Classes were already in session on the well-lit basketball court as we made our way inside. Around forty kids, from toddlers up through teenagers, were gathered in rows wearing grimy hand wraps. The hand wraps and the white t-shirts from the city of Rio, which has only recently started to get behind the program, were all they had to train in. Once they saw the two huge duffel bags that Schaub and his wrestling coach, Leister Bowling, plopped down on the court, they must have known that was about to change.
First though, it was practice time. They did punch drills. They did push-ups and crunches. I watched as two little girls took turns jumping over one another, the sound of their bare feet thudding against the pavement as they landed. The skill levels ranged from surprisingly good to seriously uncoordinated, but that was hardly the point, Asche explained.
"Instead of selling drugs or getting into something negative, they fight," he said. "They come here and train."
With Schaub's visit they also got a chance to learn that, when they were involved in some positive pursuit like sports, people took notice. People helped. Even if those people came from far away and didn't understand a word of what they were saying.
That part became evident when the gear came out and got passed around. Boxing gloves, shin pads, thai pads, focus mitts -- piles and piles of them, donated by the sponsors. Schaub walked over and handed a pair of boxing gloves to a little boy who couldn't have been older than six or seven. He held them in his hands, looking from one to the other, but apparently having no idea what to do with them.
"Here," Schaub said, holding the glove open for him. "Push your hand down in there."
The kid stared. Schaub mimed the act for him. Nothing.
After a couple days in Rio, I knew how both Schaub and the kid felt. When you don't speak the same language, suddenly we're all just cavemen performing hand gestures that seem perfectly clear to us, but mean nothing to anyone else.
Thankfully, one of the bilingual Brazilians with us came to the rescue. Soon the kid had his hands inside the gloves, and within minutes the court filled with the unmistakable cracking of gloves against pads. Tropa Thai was no longer a basketball court where kids shadow-boxed in old handwraps. Now it was a true training ground.
Then it was time for Schaub, this enormous, mysterious foreigner who had showed up one night like Santa Claus with cauliflower ear, bearing free gifts, to get back in his van and go.
He had a fight to think about, after all.
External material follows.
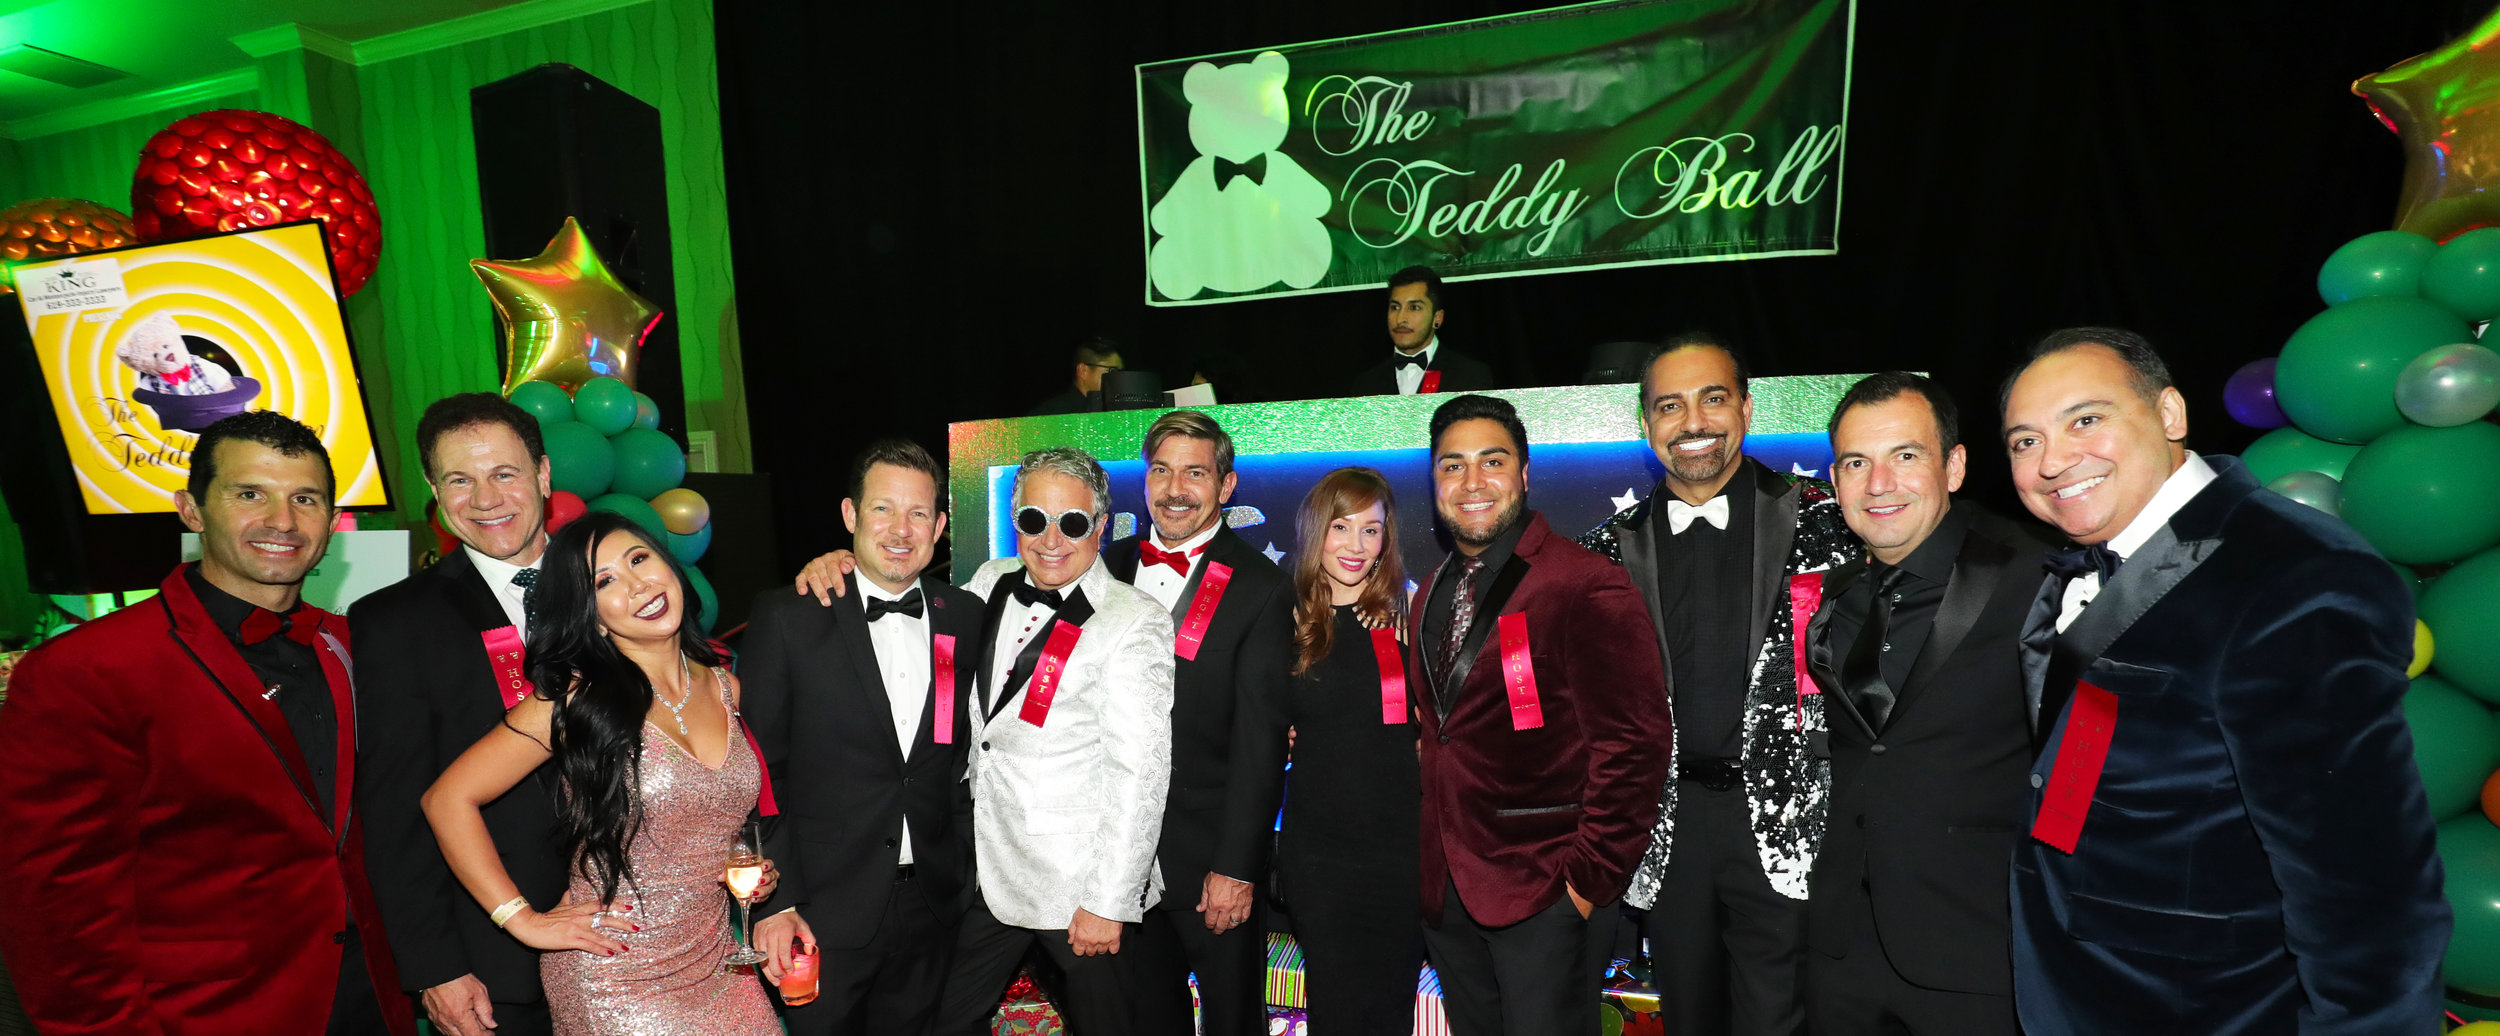 2016 Teddy ball hosts (Nino Venturella, brent wilsey, dylan marer, maurice maio, martin nace hall, kimberly ceballos, johnny castillo, king aminpour, rich ahumada, and prem advani)

A chance to show up at the HSBC Arena and get booed by all the people who either didn't know or didn't care about tonight's charity, who would rise to the their feet at the weigh-ins the following afternoon and shout "vai morrer" -- you're going to die -- as he smiled and flexed in the same Bony Acai cap he's been wearing since he got here (just one more reason Bony loves him).
But then, he knows to expect that. He is fighting a Brazilian hero, and this is a country that holds its heroes close.
"We need more heroes who are not just soccer players," Bony told me on the ride home, again picking our way through the traffic. "Now, it's starting to happen. Fighters are becoming our heroes."
It's happening, but slowly. The same way you get anywhere in this city.